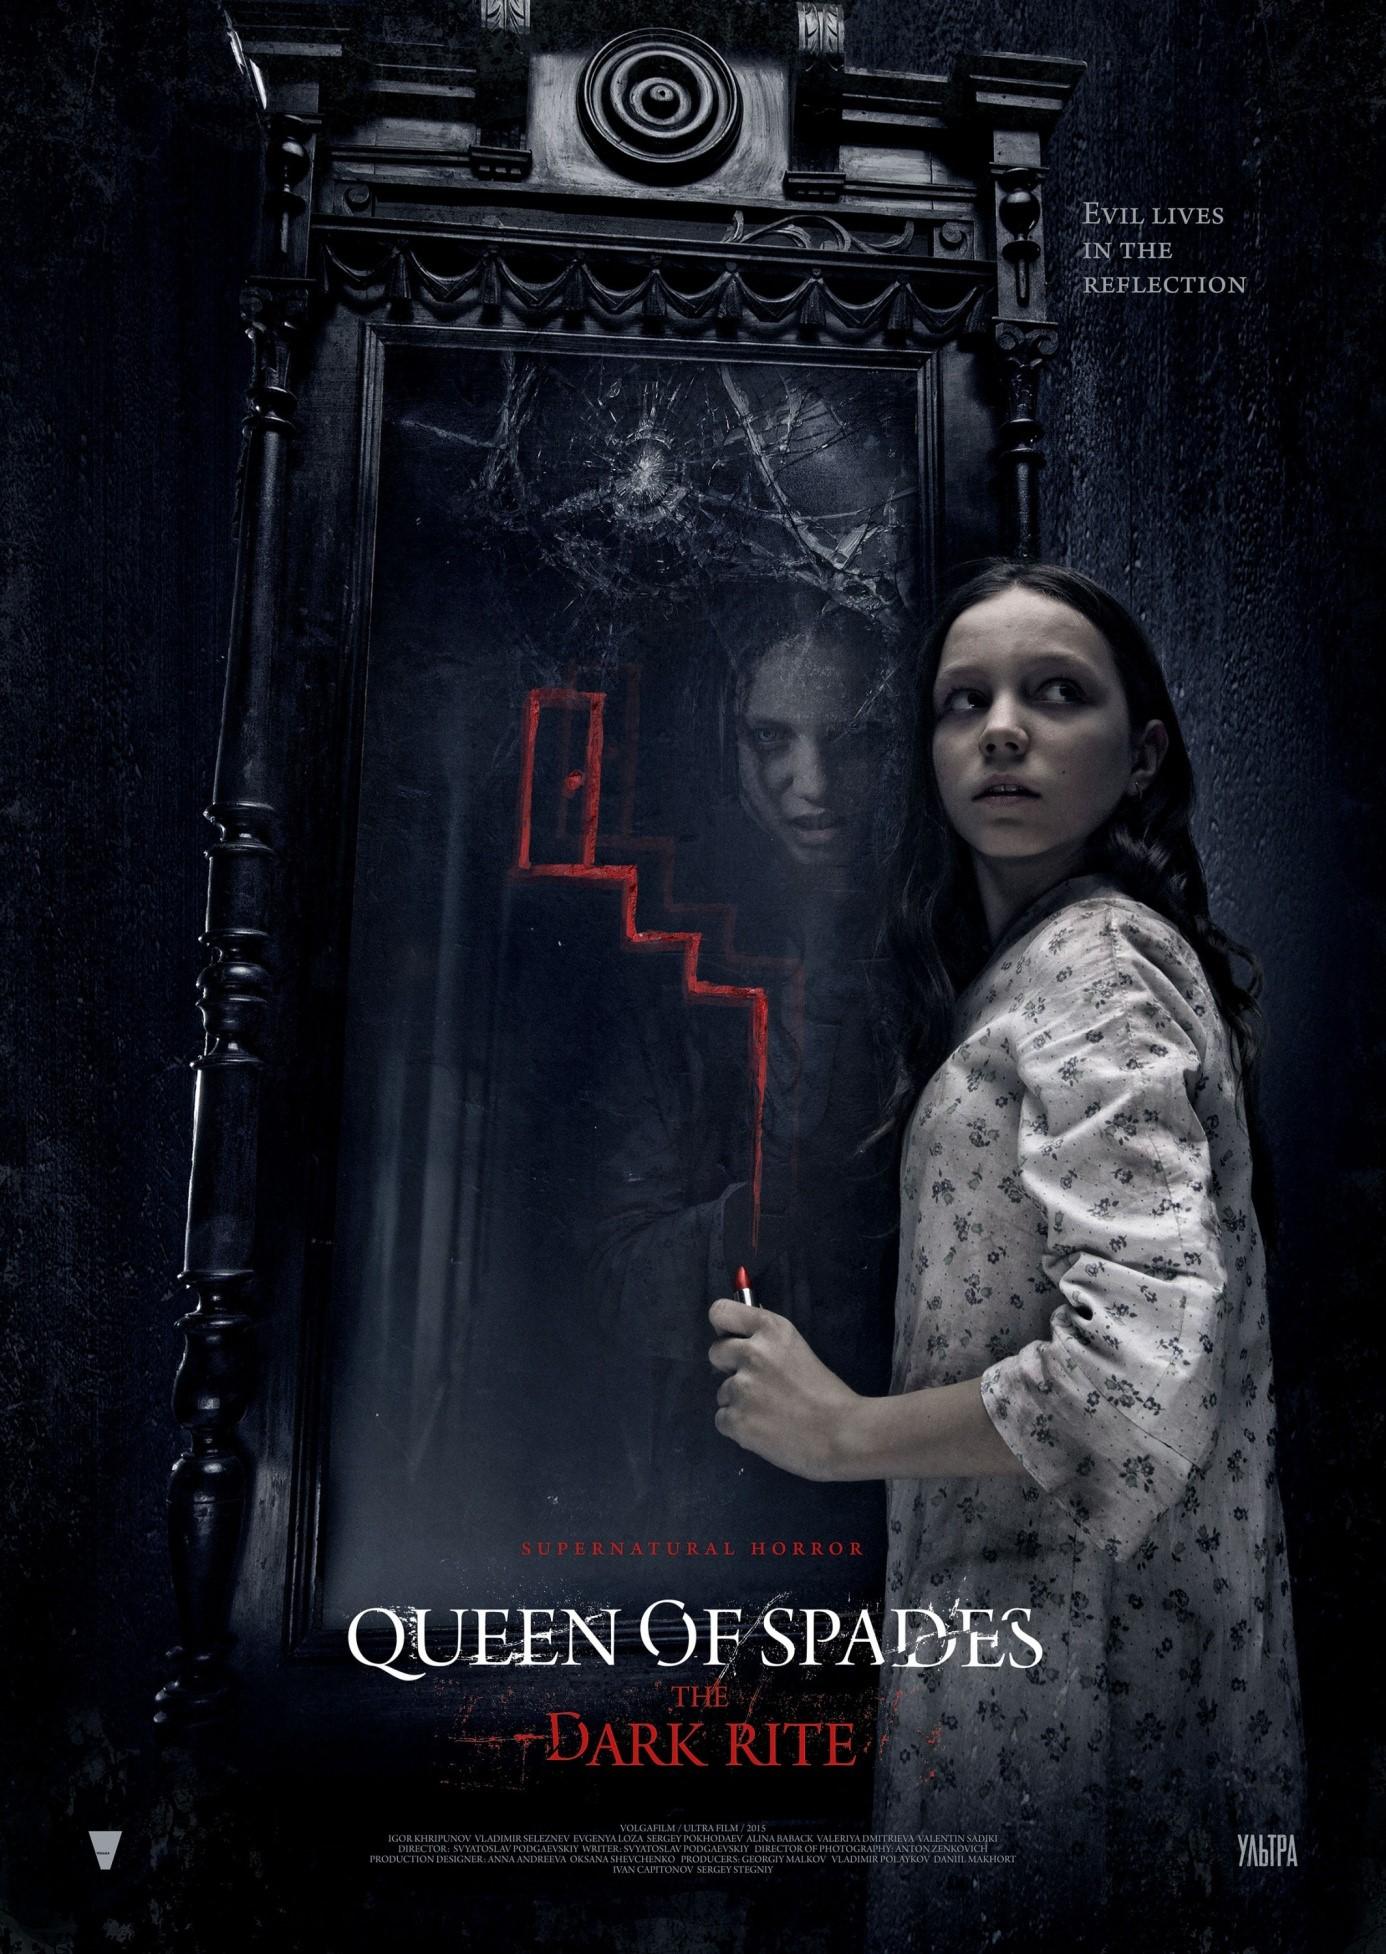 queen-of-spades-the-dark-side
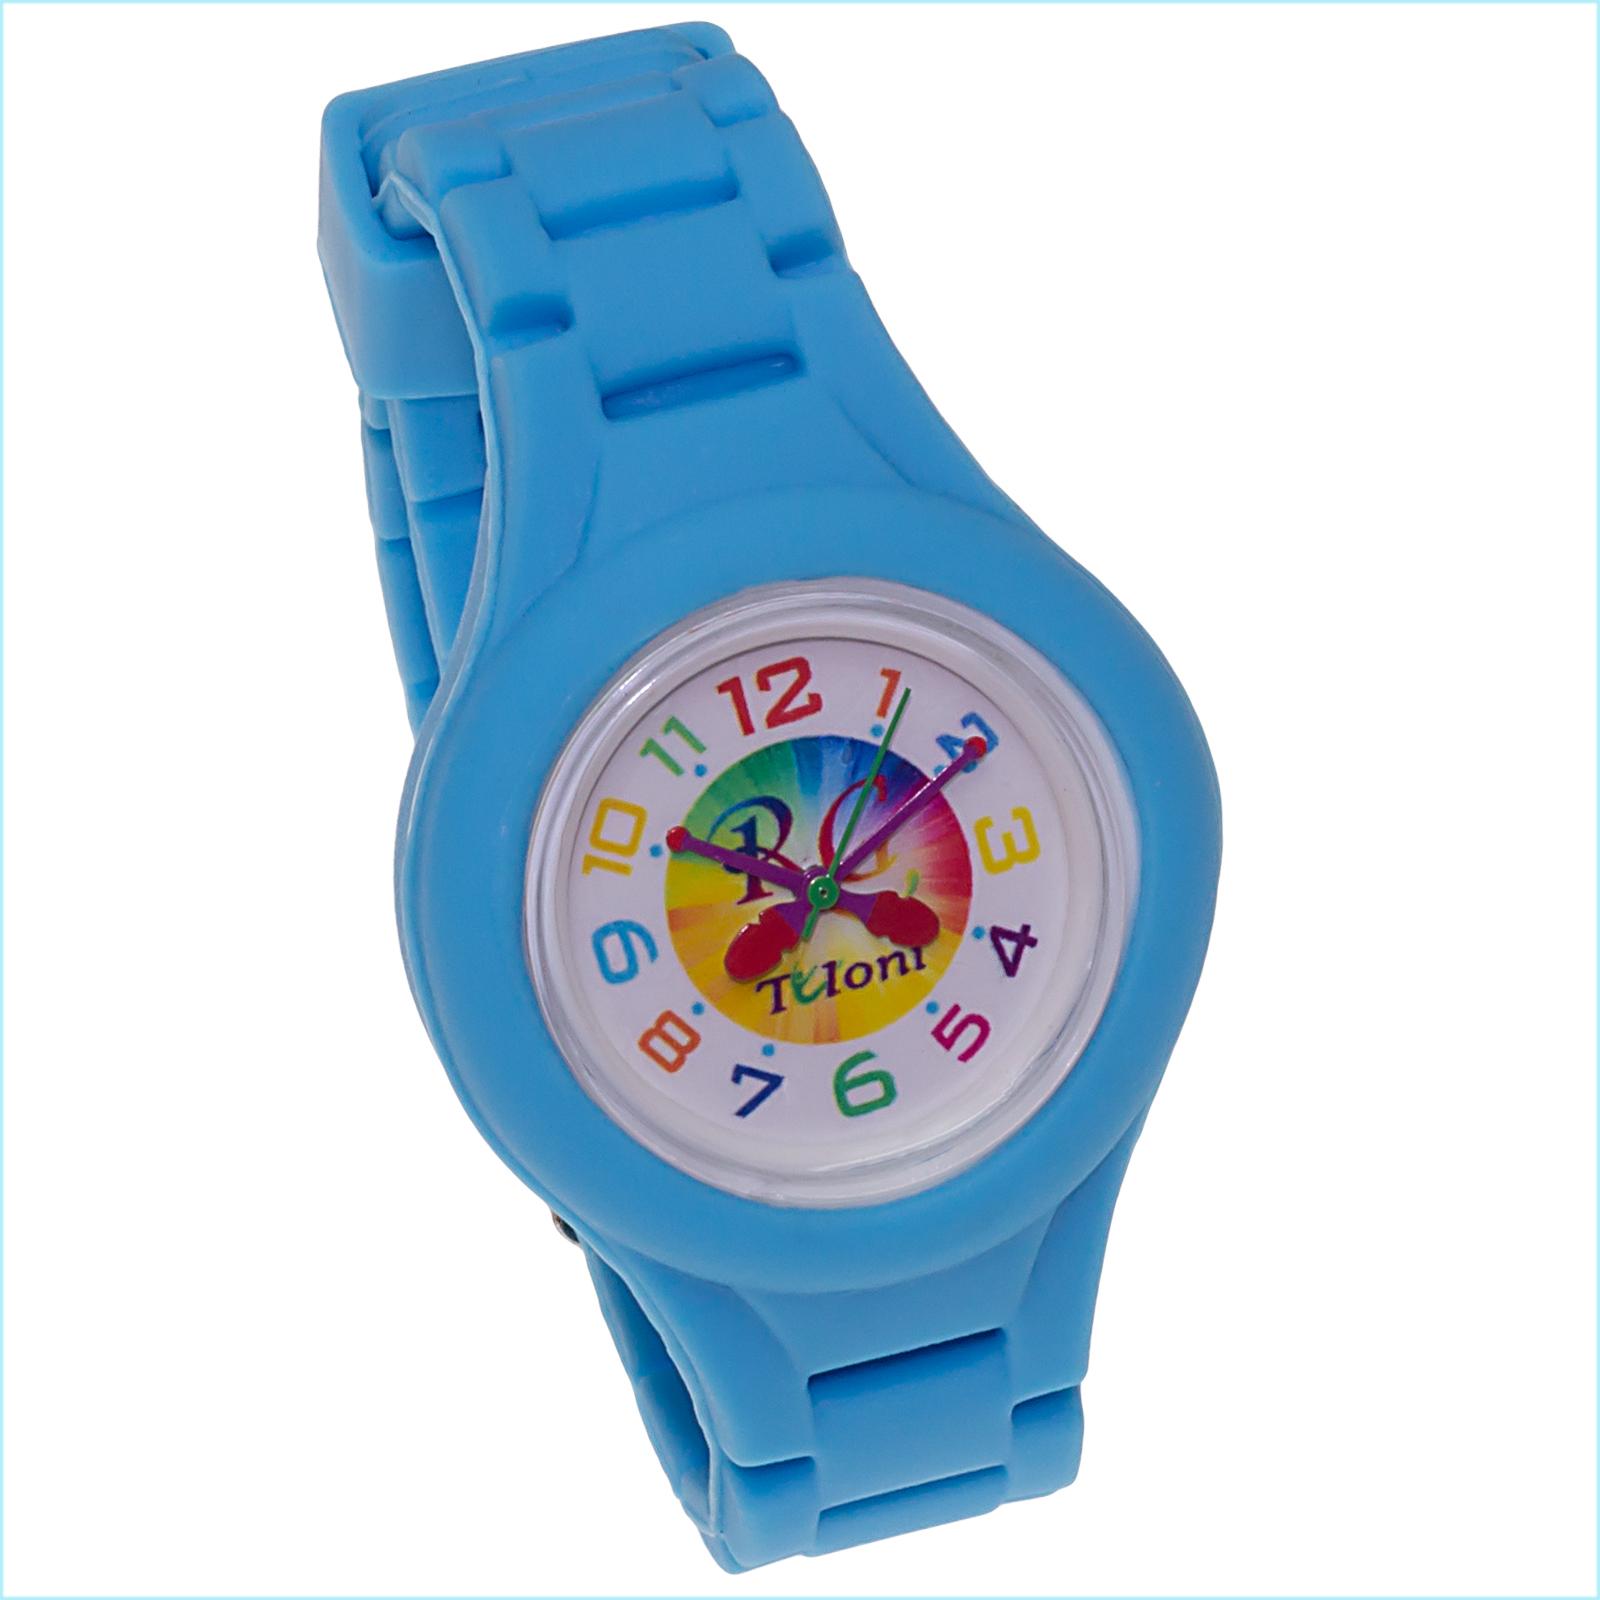 Часы Tuloni модель#3 ремешок#2 цвет Голубой Артикул T0203-2LB
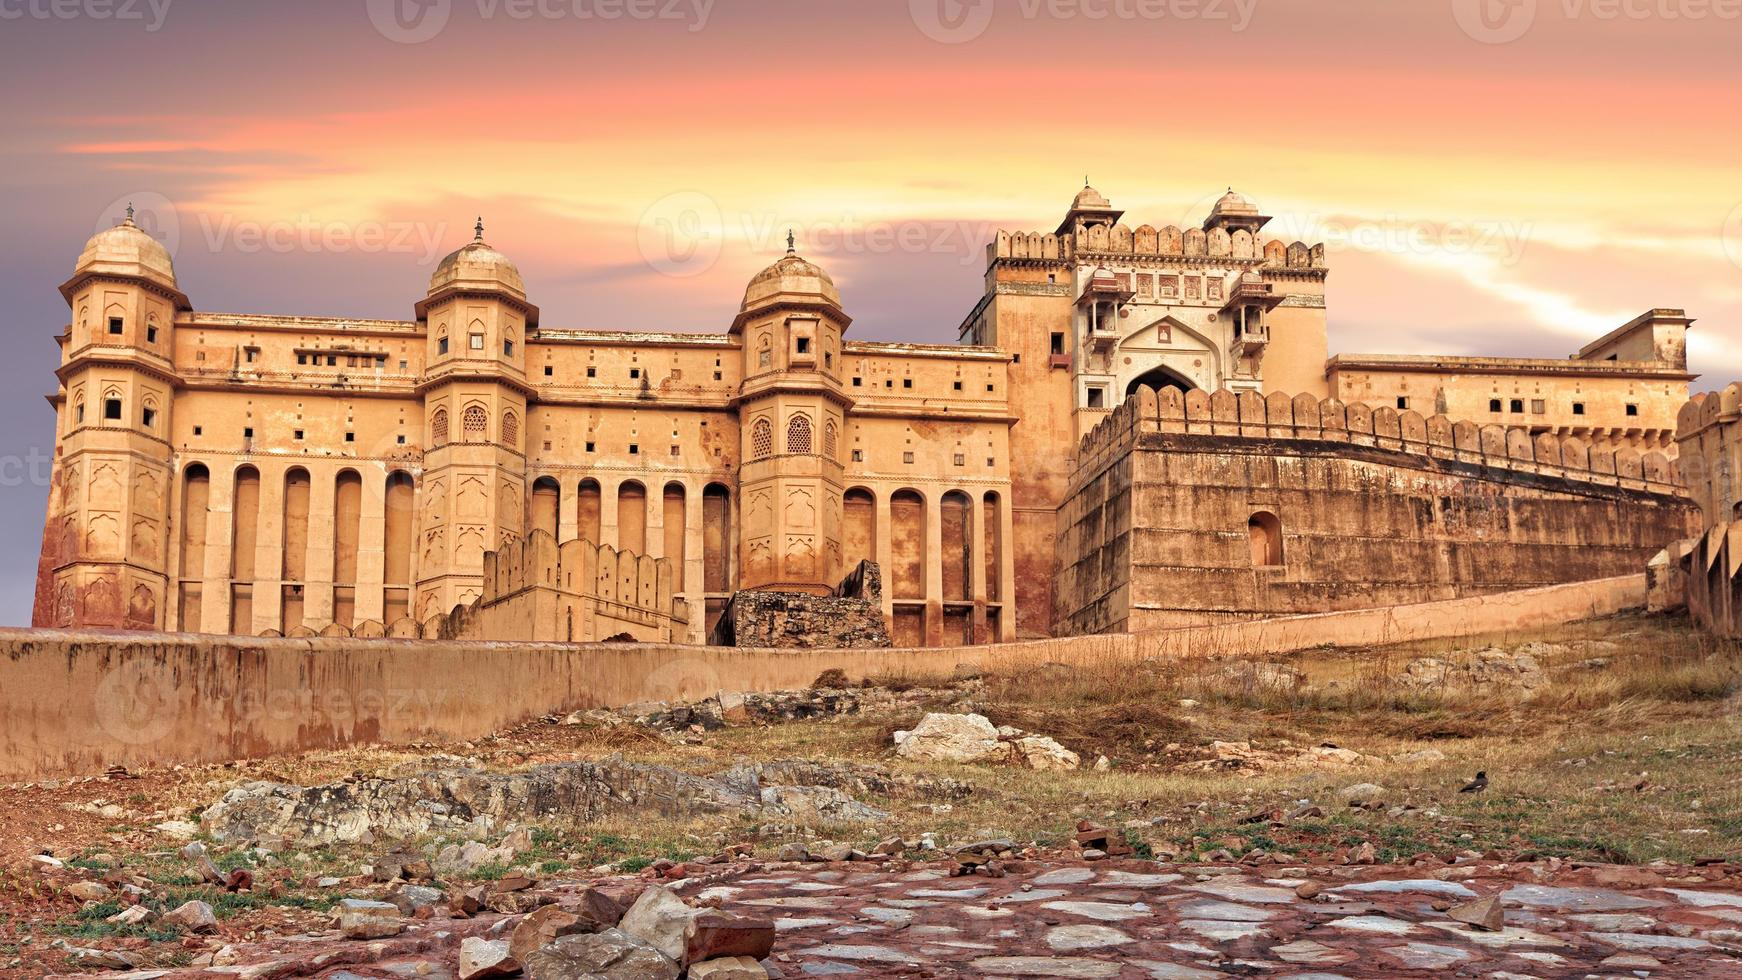 vista del forte d'ambra, Jaipur, India foto

▶ EXERCISE BRIEF:
Set down all the material exactly once more. No pictures.

▶ TASK ANSWER:
 queen-of-spades-the-dark-side
 Часы Tuloni модель#3 ремешок#2 цвет Голубой Артикул T0203-2LB
 vista del forte d'ambra, Jaipur, India foto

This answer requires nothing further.